Samsung users experienced faster download speeds than Apple and Huawei users in 35% of countries, across 40 countries analyzed, according to the measurement and analytics company.
Among the three largest smartphone makers, Apple users were faster in 17.5% of countries. And in the remaining 48% none of the three were fastest although Huawei users were joint-fastest in seven countries.
Among some of the highlights of the report:
- The country with the greatest advantage for Samsung users was Norway, where Samsung users were 12 Mbps faster than Huawei users, and 14 Mbps faster than Apple iPhone users. Next was Canada where Samsung users were 5 Mbps faster than Huawei users and 24 Mbps faster than iPhone users.
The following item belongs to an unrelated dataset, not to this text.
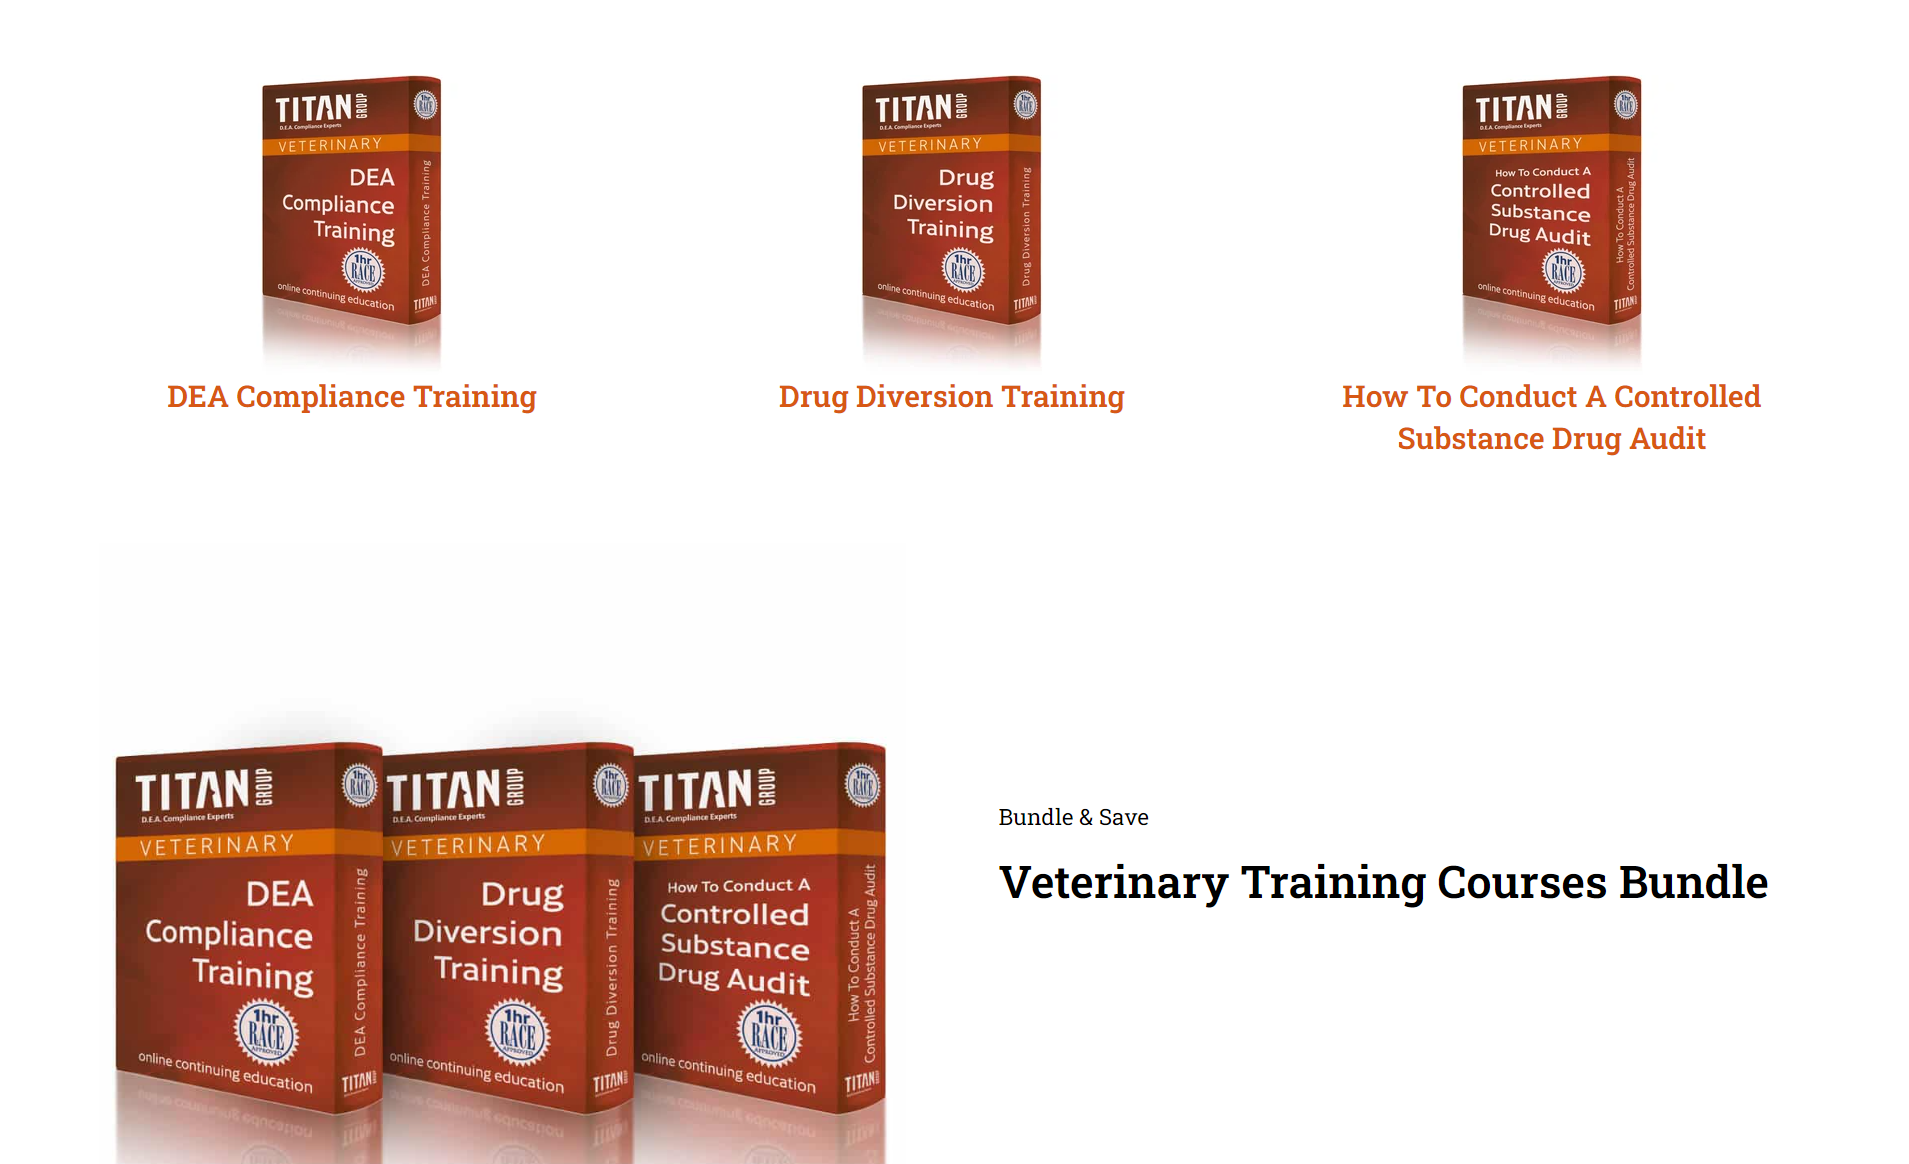 TITAN Veterinary Training Courses Bundle

- In fact, Canadian iPhone users were tied for 10th place in terms of speeds experienced, at 31 Mbps, which was still ahead of American iPhone users who clocked in at 20 Mbps.
- In the U.S., Samsung users experienced download speeds 8.2 Mbps faster than iPhone users.
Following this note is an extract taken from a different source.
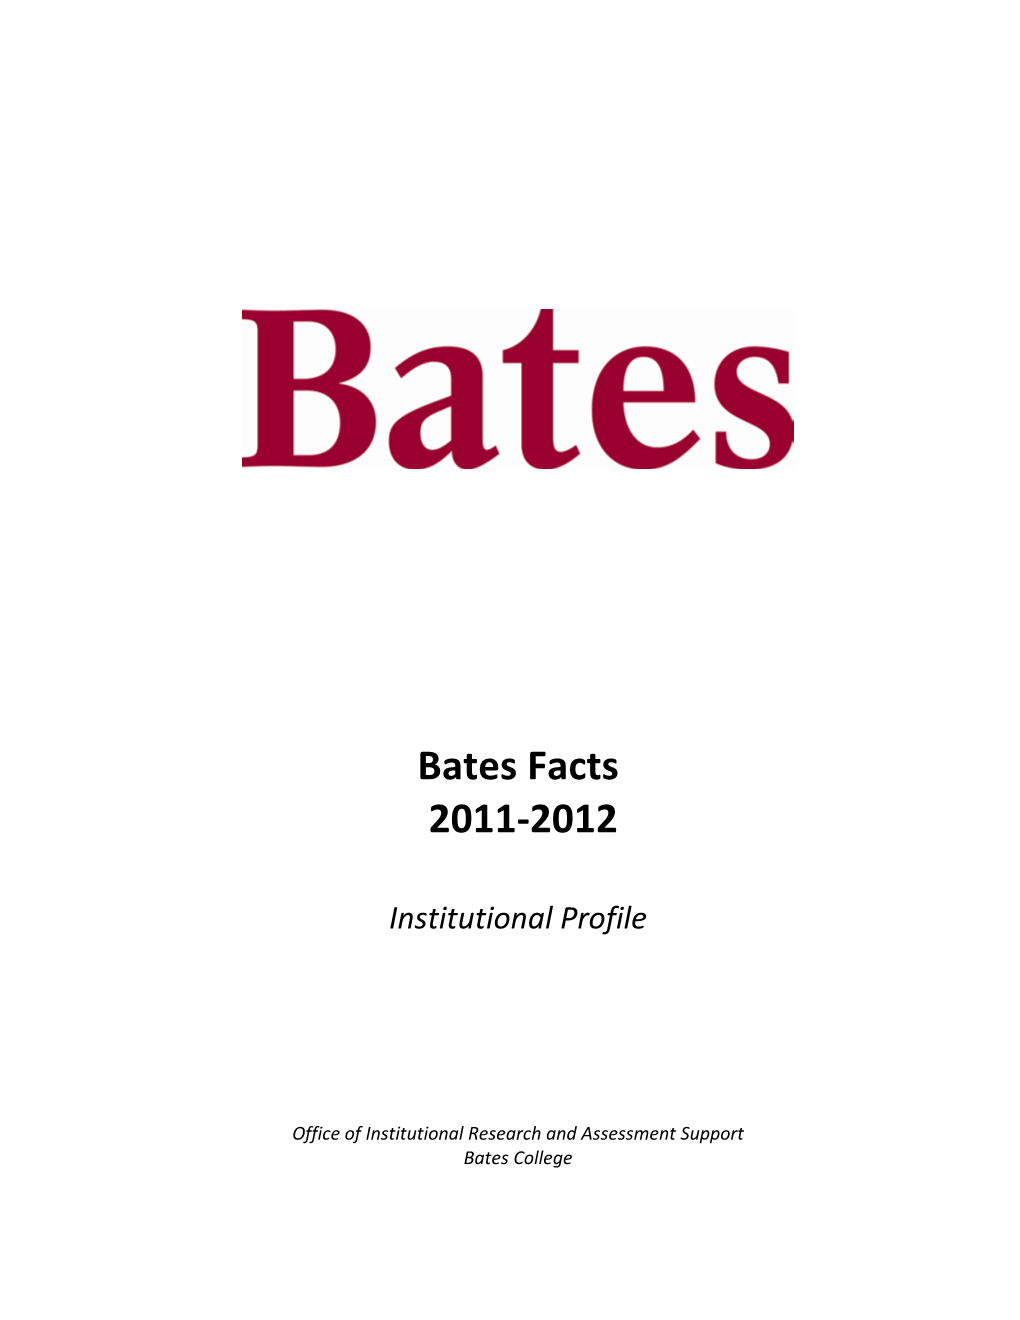 Bates Facts 2011-2012

The report does not offer concrete reasons for these discrepancies but outlines four primary possibilities:
- The ability to connect to more frequency bands (though with over 40 4G bands in use, even industry veterans often struggle to keep track of the importance of every one).
- The ability to connect to more than one radio band at once – called carrier aggregation.
- Technologies that improve the performance on any given radio frequency such as the modulation type (e.g. 64 or 256 QAM) and the use of multiple simultaneous antennas (e.g. 2×2 or 4×4 MIMO).
- The choice of modem supplier and chipset (for example, Qualcomm, Intel, Huawei HiSilicon, Samsung Exynos or Mediatek)
“These network capabilities tend to be technical and hard to describe, so handset makers and mobile operators often do not explain them to the customers in their marketing materials as much as they should,” notes the report.
The Opensignal study was done between April 1 and June 30, 2019 where over 23.2 million total devices were measured and over 117 billion different measurements were taken.
To analyze the differences, Opensignal split smartphone users into three groups — low, mid and high-tier — based on a smartphone’s mobile network capabilities. Because high-tier models include more network technologies, they are more sensitive to mobile network improvements and are, in effect, a leading indicator of what the mobile network experience will be in the future.
The high-tier smartphone download experience ranges from 70.4 Mbps in South Korea and 67.1 Mbps in Canada (the top two) to 57.7 Mbps in Australia, 31.6 Mbps in the U.S. down to 6.6 Mbps in Iraq, comparing all smartphone brands across 73 countries.
Download speeds of high-tier smartphones were at least twice as fast as those of low-tier users in 25 countries.
Notably, in Thailand speeds measured on high- tier smartphones were 4.3 times as fast as those measured on low-tier smartphones; in Canada and the U.A.E, 2.9 times; and in Australia, Singapore and Switzerland, 2.6, 2.5 and 2.5 times respectively.
High-tier Samsung users experienced faster speeds than Apple and Huawei users with global download speeds of 26.6 Mbps, 25.1 Mbps and 24.4 Mbps respectively. However, among the mid-tier category, Apple users experienced the fastest speeds of the three largest smartphone brands, while Huawei users were fastest among low-tier users.